I was using a Python script that involved the str.upper() and str.lower() functions when I stumbled upon a strange result. When I passed the letter ᾉ
(capital alpha with dasia and prosgegrammeni, U+1F89) to the upper()
function, the result was ἉΙ
instead of the expected ᾉ
.
Code to reproduce:
print('ᾉ'.upper())
Prints
ἉΙ
Is this an expected behavior or a bug of some sort?
Edit: I replaced with the correct characters.
Inspecting the symbols (for example, using this online tool) tells me you have a U+1F89 GREEK CAPITAL LETTER ALPHA WITH DASIA AND YPROSGEGRAMMENI
(not U+1F88).
Looking up that term, we get a Wikipedia article on iota subscripts:
In uppercase-only environments, it is represented again either as slightly reduced iota (smaller than regular lowercase iota), or as a full-sized uppercase Iota.
You'd need someone with Ancient Greek knowledge to verify this, but at first glance, the result is logically equivalent to what you had initially.

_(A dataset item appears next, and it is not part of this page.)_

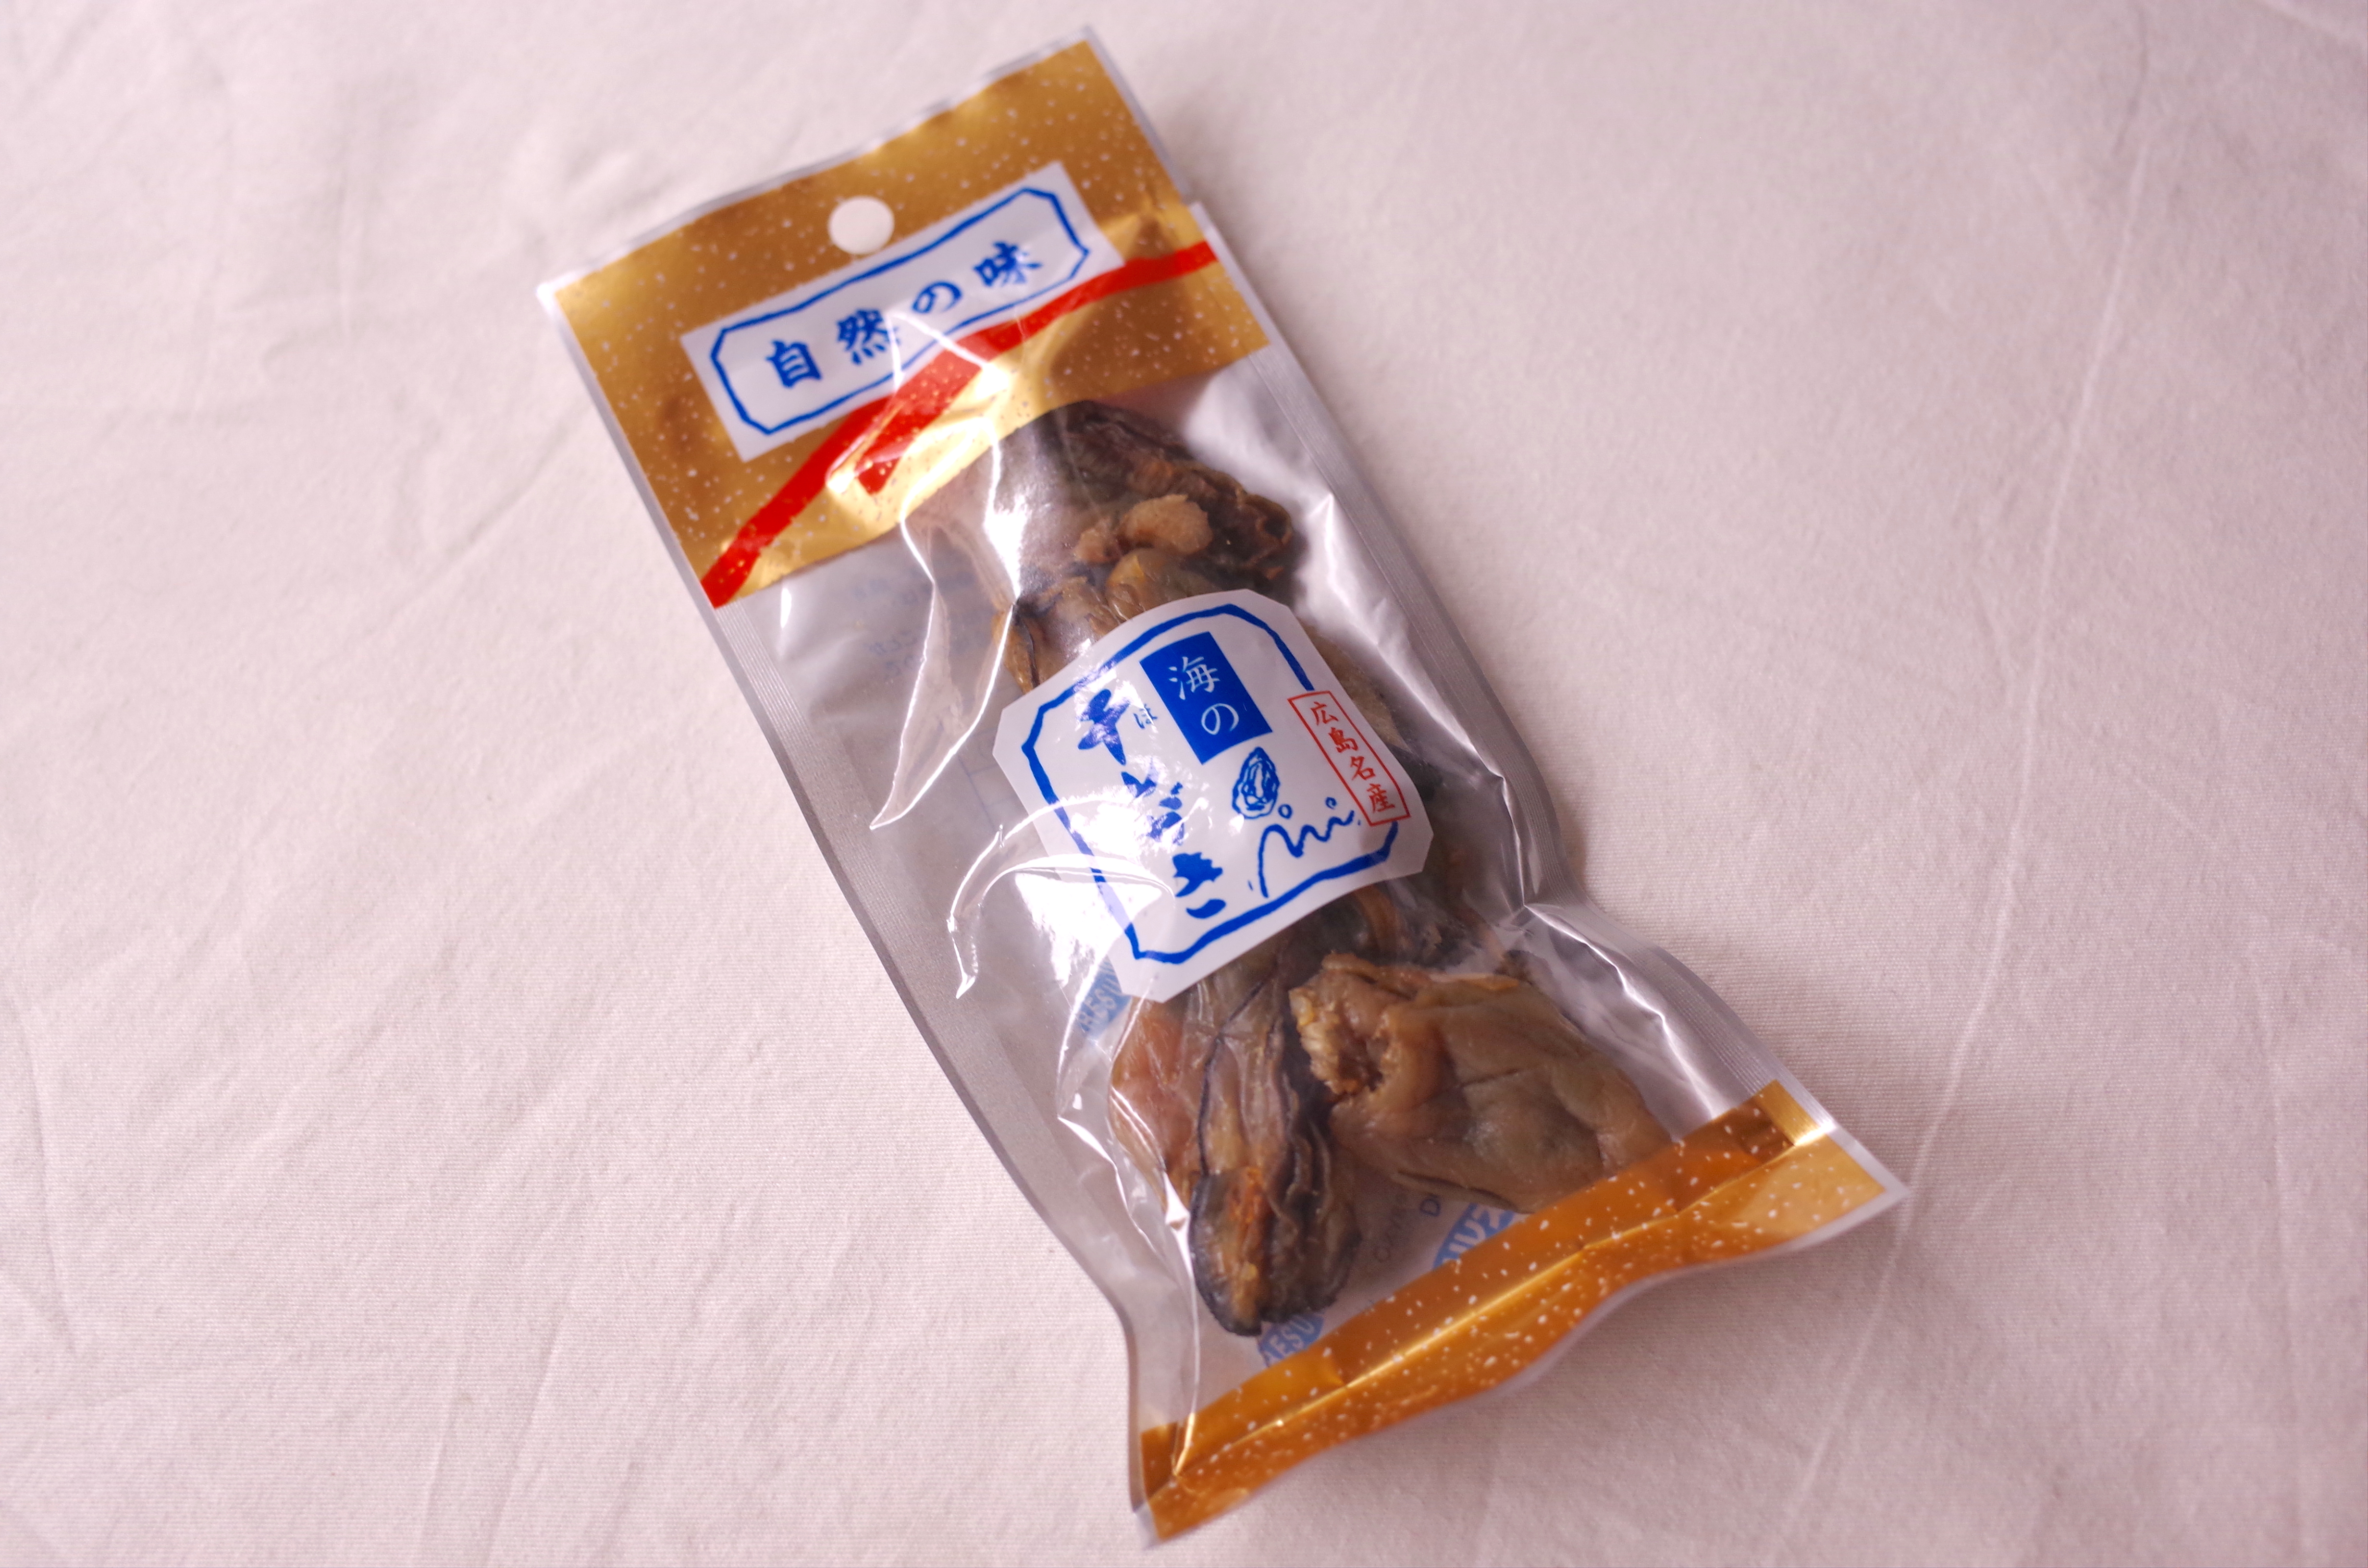 広島のお土産 広島県民に教えてもらった 干し牡蠣 はお土産どころか常備したい一品 そのままでも 炊き込みご飯でも最高です 買って応援 Pouch ポーチ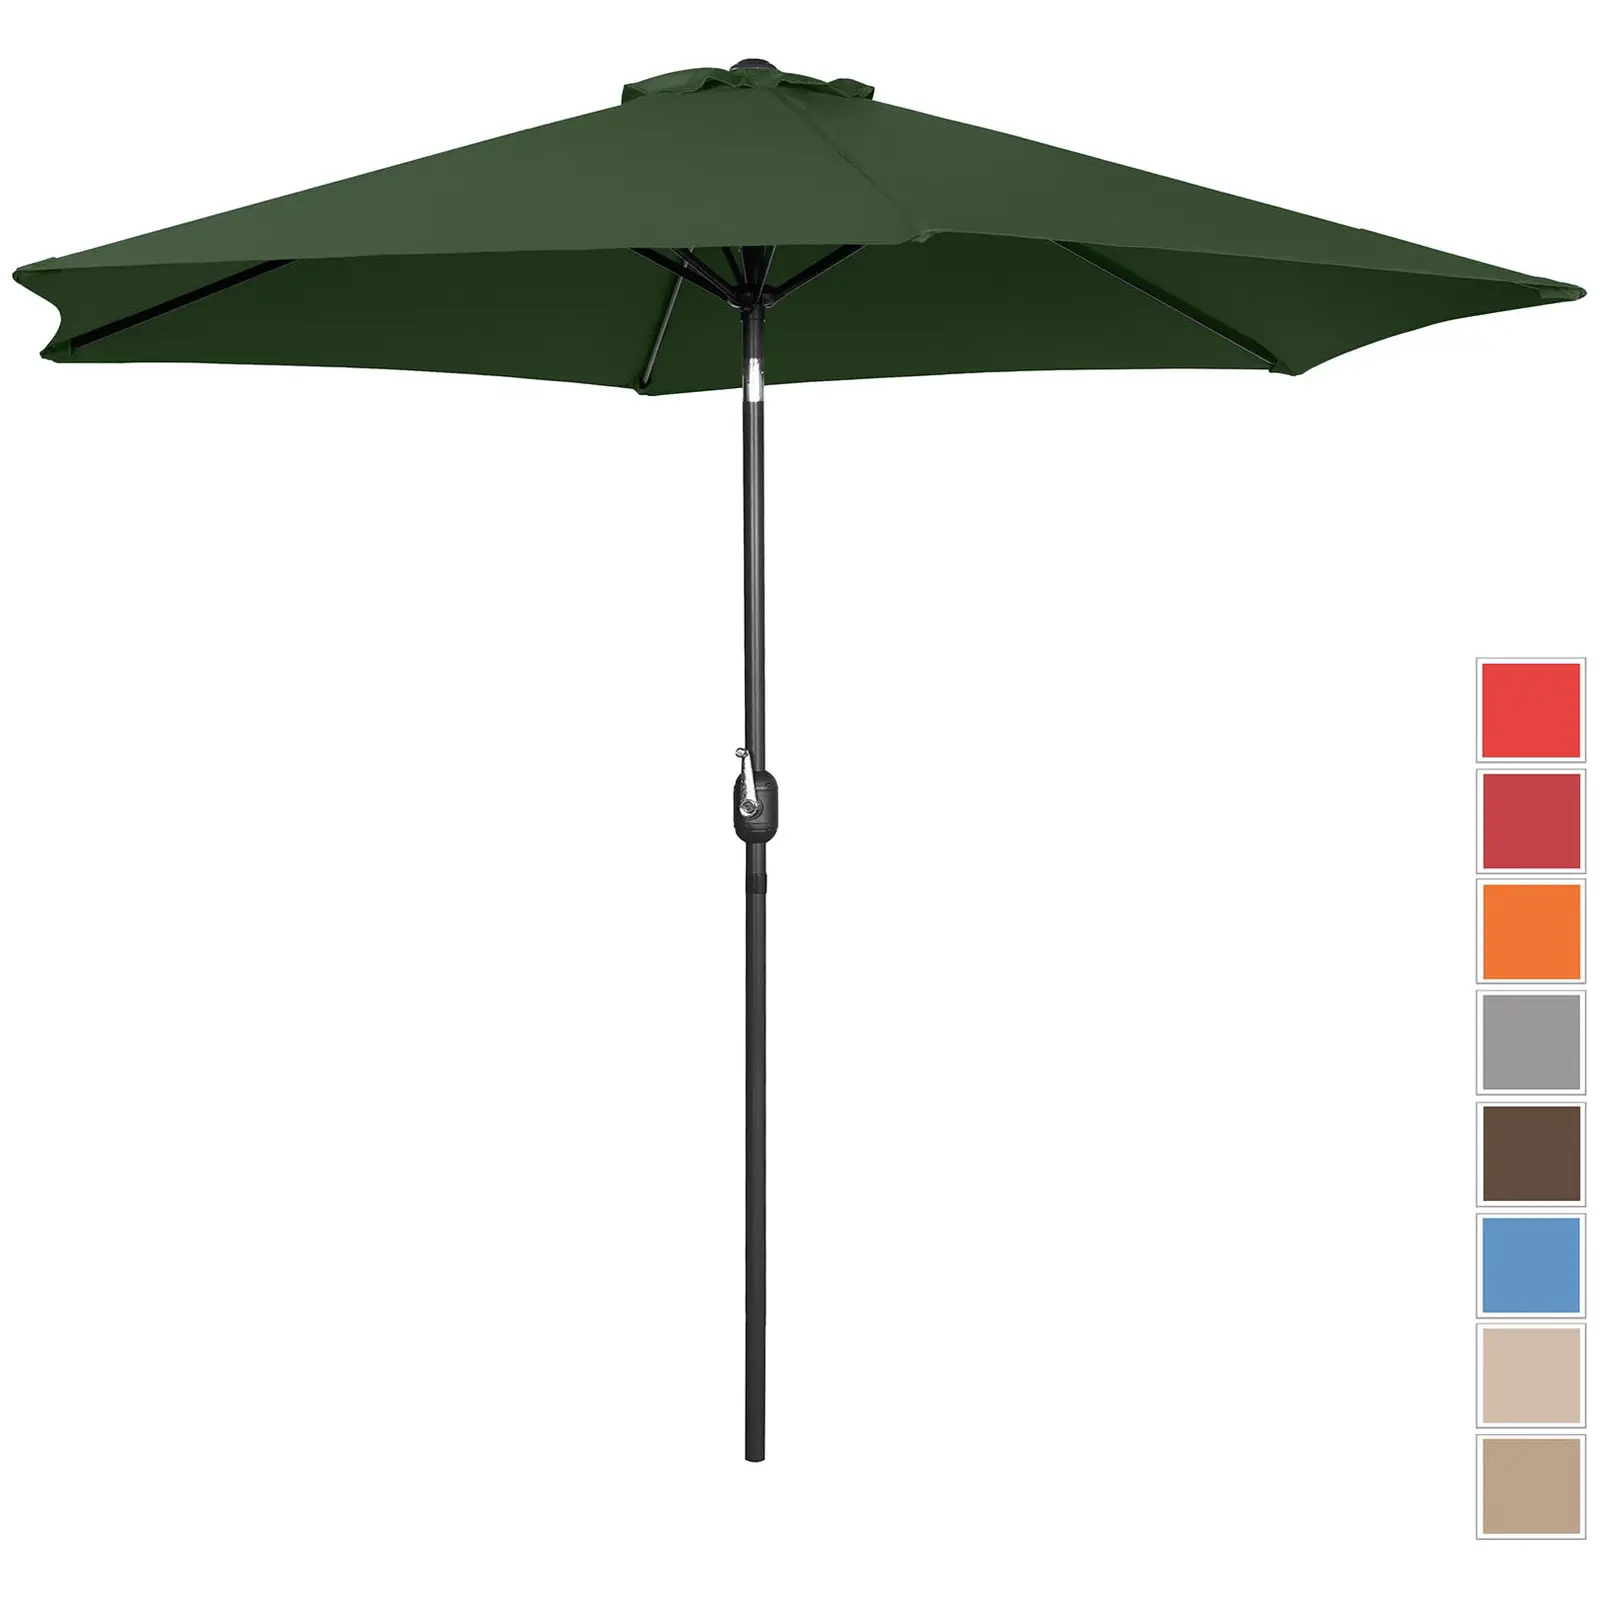 Lauko skėtis - žalias - šešiakampis - Ø 300 cm - pakreipiamas

Now, careful reading of the Section 3.13 of the Unicode standard reveals that the symbol you have is actually mentioned explicitly as an exception:
The invocations of canonical decomposition (NFD normalization) before case folding in D145 are to catch very infrequent edge cases. Normalization is not required before casefolding, except for the character U+0345 ncombining greek ypogegrammeni and anycharacters that have it as part of their canonical decomposition, such as
U+1FC3 greek small letter eta with ypogegrammeni
.
Moreover, as per Wikipedia,
For use in all-capitals ("uppercase"), Unicode additionally stipulates a special case-mapping rule according to which lowercase letters should be mapped to combinations of the uppercase letter and uppercase iota (ᾳ → ΑΙ). This rule not only replaces the representation of a monophthong with that of a diphthong, but it also destroys the reversibility of any capitalization process in digital environments, as the combination of uppercase letter and uppercase iota would normally be converted back to lowercase letter and lowercase iota.
Apparently you've hit a weird edge case in the Unicode standard, so this is expected, rather than a bug in Python's str.upper()
.